3. gAySLA! (or, lgbtqiASLA – we’re still working out the official title…)

This is related to #2 above – being with your people. But for me, it’s even more than that… It’s the validation that comes from being our authentic selves and having a forum to let your hair down (or put your wig on) without feeling vulnerable. Inspired by WxLA and BlackLAN, the time felt right to explore another affinity group for people who identify as LGBTQ+ in the profession. The idea began at last year’s ASLA conference in Nashville in a text message exchange between me, Cheri Ruane at Weston and Sampson, and Kris Pritchard at ASLA, and we thought we’d test it out in San Francisco (because duh!). What began as a social media post a few days before the event took off like wildfire. The number of people who showed up at what we thought was going to be an intimate gathering was validation that this group of LGBTQ+ professionals was seeking, well, validation. So for the 2023 conference in Minneapolis, the gauntlet has been thrown and we’ll be planning something bigger and even more fabulous.

4. A window into the future of our profession

I am privileged in that I serve as the President-Elect for the Landscape Architecture Foundation (LAF) and have a seat at the table of the CEO Roundtable (which is comprised of the leaders of about 25 influential firms). My role at LAF gives me an opportunity to give back to the profession by transparently sharing ideas and lessons learned for what a shared vision of a more inclusive profession might look like. 

At LAF, I am proud that I worked with so many other dedicated board members and staff to raise over $2 million that allowed us to launch LAF Ignite – a scholarship program for black landscape architects at an accredited institution that will not simply offset some of the costs of education, but more importantly provide internships and access to lifelong mentors that will set them up for future success in the profession. That’s what I love about LAF – it’s consistently at the forefront of the profession, whether through the Olmsted Scholars network, the Fellowship for Innovation and Leadership, or the Landscape Performance Series and Case Study Investigations program. LAF is doing so much to advance the impact of landscape architecture – and we’re just getting started! Ask me about “infiltration” if you want to know more about our vision for a world in which landscape architects are influential and ubiquitous.

5. Seeing so many Sasaki alumni doing incredible things in the profession

One thing I learned from Charles Birnbaum of The Cultural Landscape Foundation in his talk at the conference about “The Olmsted in All of Us” was that Olmsted’s firm embedded people in positions in the government, park commissions, etc. that would further the work of the firm and of landscape architecture at large (I’m looking at you, Diana Fernandez and Breeze Outlaw!). 
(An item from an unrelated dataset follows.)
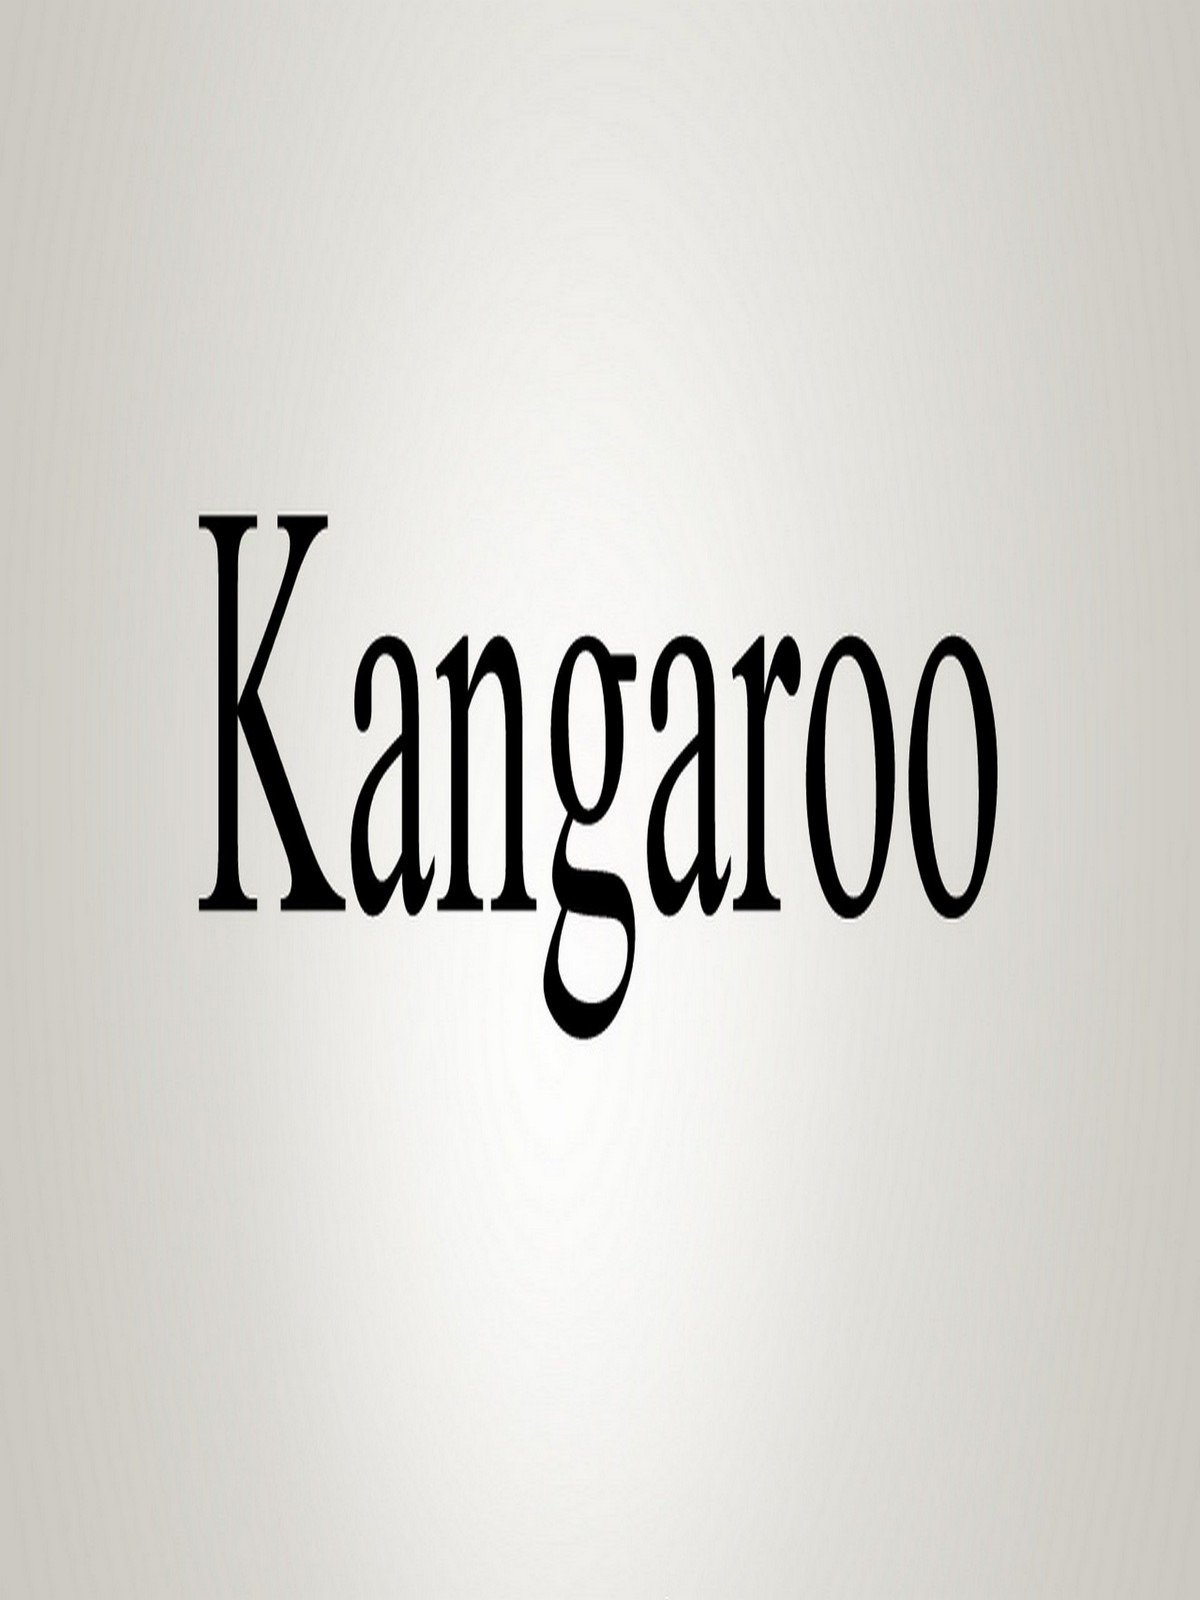 Watch How To Pronounce Kangaroo  Prime Video

We also see Olmsted employees (Warren Manning, William Lyman Phillips, etc.) leave to start their own successful practices, learning from the experience and mentorship they received there. This trend continued in the mid-20th century when Peter Walker opened Sasaki’s west coast office in San Francisco that eventually became SWA, and after that when  he left SWA and formed PWP. This continues to manifest itself today in the best of ways. Much like a university, the Sasaki alumni network is broad, talented, and influential – leading the profession forward with the knowledge gained at Sasaki. What Hideo Sasaki started in 1953 has become an incredible incubator of contemporary landscape architecture, and I couldn’t be more proud of the firm as it is today and of the people for whom it has been a springboard to define their own explorations in the field.

I hope to connect with even more of you in Minneapolis for the 2023 conference!